Peru amazes again: another 168 Nazca Lines discovered

Peru amazes again: another 168 Nazca Lines discoveredThe new discovery could bring to light new information on the famous Nazca Lines, in Peru, still shrouded in deep mystery today

The discovery of oltre cento geoglifi in an ancient and famous desert area in Peru could bring to light new information about the mysterious pre-Columbian works of art that have intrigued scientists and visitors around the world for decades. Here's what it is.


168 new geoglyphs discovered in Peru

Ben 168 new geoglyphs were discovered in the pampas near Nazca and the surrounding area, in Perù, about three hours from the capital Lima. After field investigations, carried out from June 2019 to February 2020 with aerial photographs and drones, at the beginning of December Peruvian and Japanese researchers from Yamagata University announced the sensational discovery at the site UNESCO World Heritage Site, on the southern Pacific coast.

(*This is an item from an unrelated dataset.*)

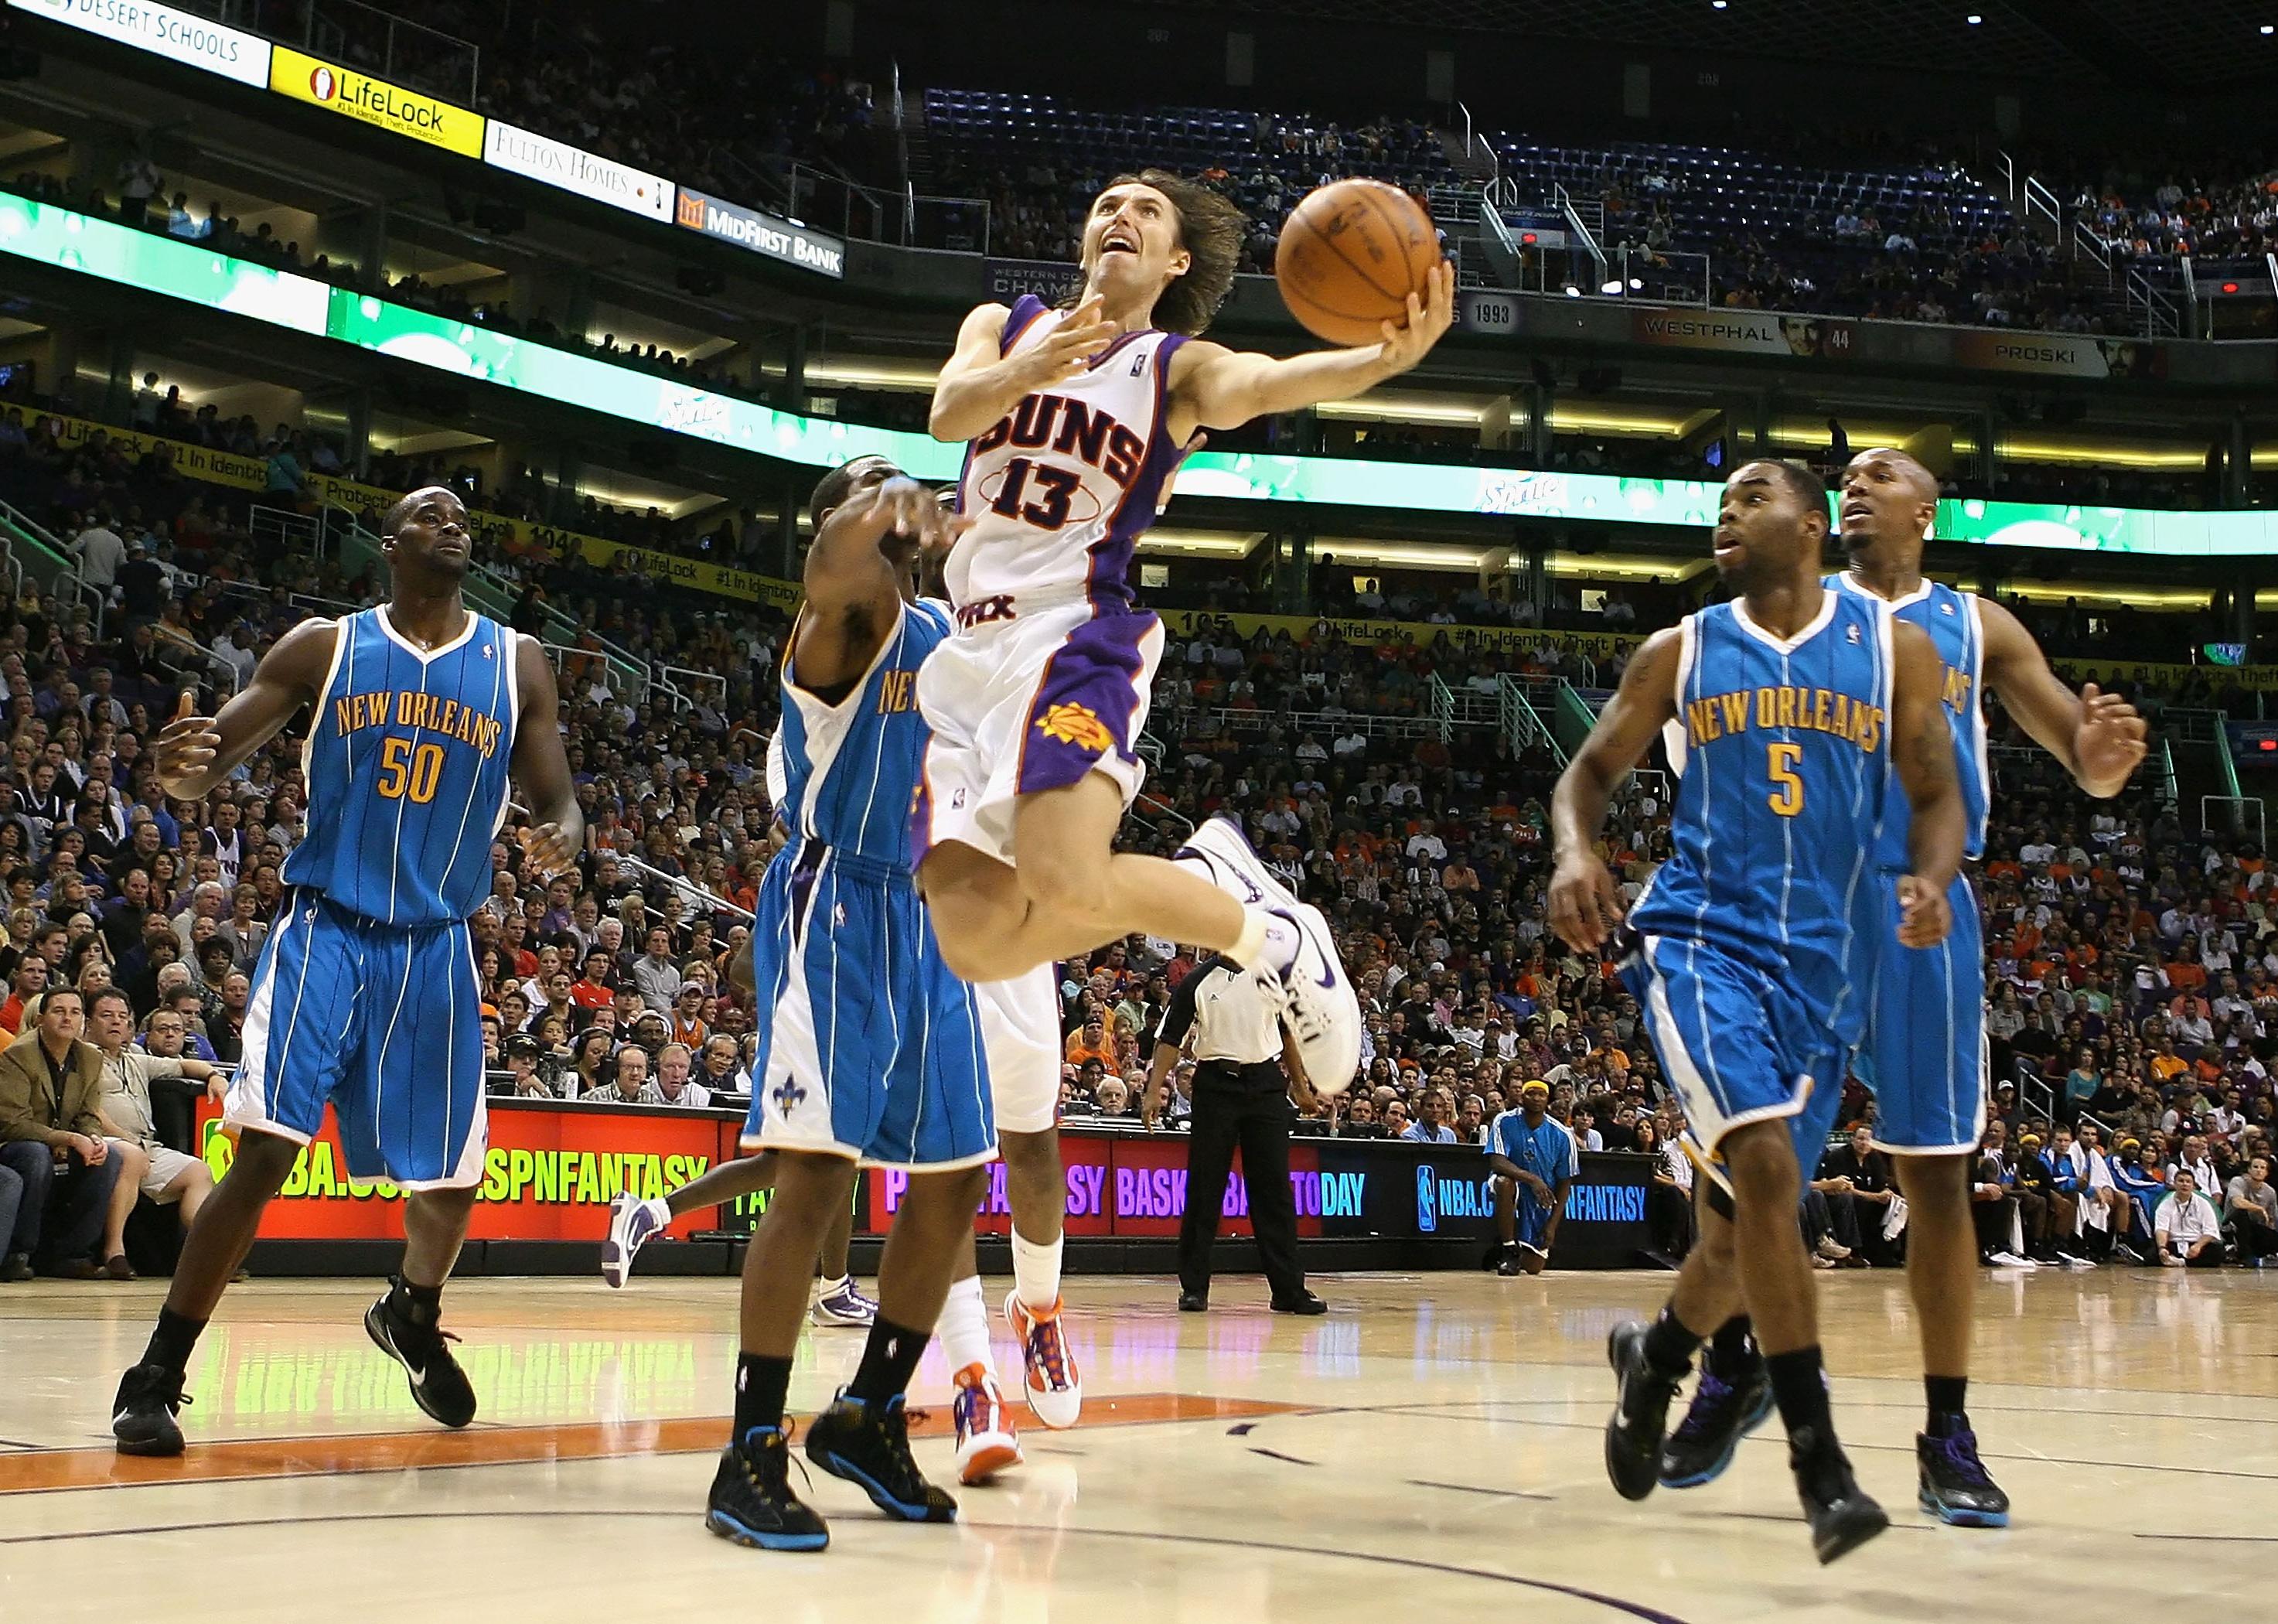 Steve Nash shooting the ball during a game at US Airways Center.

Geoglyphs are enormous drawings in the ground that usually depict animals (the latest discovered represented a cat) or human beings, so strongly stylized that they can only be recognized from an elevated position, so it is often necessary to fly over them to admire them. Precisely in this area of ​​Peru are the most famous in the world, known as “Nazca Lines”. According to what archaeologist Jorge Olano, head of the research program, told Reuters, the new geoglyphs found in Nazca "mostly correspond to small figures on average 2 to 6 meters long".

Dated between 100 BC and 300 AD., represent humans, felines, snakes, orcas, birds and native camelids – mammals such as llamas, guanacos and alpacas –  and are part of the repertoire of gigantic figures sculpted in the desert by ancient pre-Columbian civilisations. The discovery adds to the other 190 figures observed in the same area since 2024, i.e. since it began to be studied. However, the vastness of the territory they cover has made heritage studies and conservation more complicated.



The mystery of the Nazca Lines

The purpose of the Nazca Lines, which can only be seen from above, remains shrouded in mystery. The geoglyphs are believed to have been laid out during the heyday of the Nazca Civilization, between 300 B.C. and 500 AD. Over the years, various theories and interpretations have been put forward on their meaning and purpose, from the astronomical calendar to the cult of gods or water.

The newly discovered ones, being smaller, can also be seen from the ground, Masato Sakai, a professor at Yamagata University who led the study, told Reuters. As many as 36 of these geoglyphs were discovered in the Aja area, near the city of Nazca. The discovery of 41 geoglyphs in this area was previously announced by Yamagata University in 2014 and 2015, which led to the creation of a archaeological park in 2017 in collaboration with the Peruvian Ministry of Culture to protect them. With the latest discovery, we are now certain that a total of 77 geoglyphs are concentrated in this archaeological park


Like the other geoglyphs observed in the past, they were created by removing alluvial pebbles of various sizes and thus highlighting the white sand underneath, so as to make the lighter lines visible from far away. The studies conducted by the university in collaboration with the government of Peru have contributed to delineating and protecting the area struggling with urban and economic development. In fact, some geoglyphs risk being destroyed due to the recent expansion of mining laboratories in the archaeological park. For this reason, Yamagata University has declared that it will continue the study of geoglyphs with models based onartificial intelligence, in order to determine their distribution and exact position in the desert and contribute to the conservation of the lines.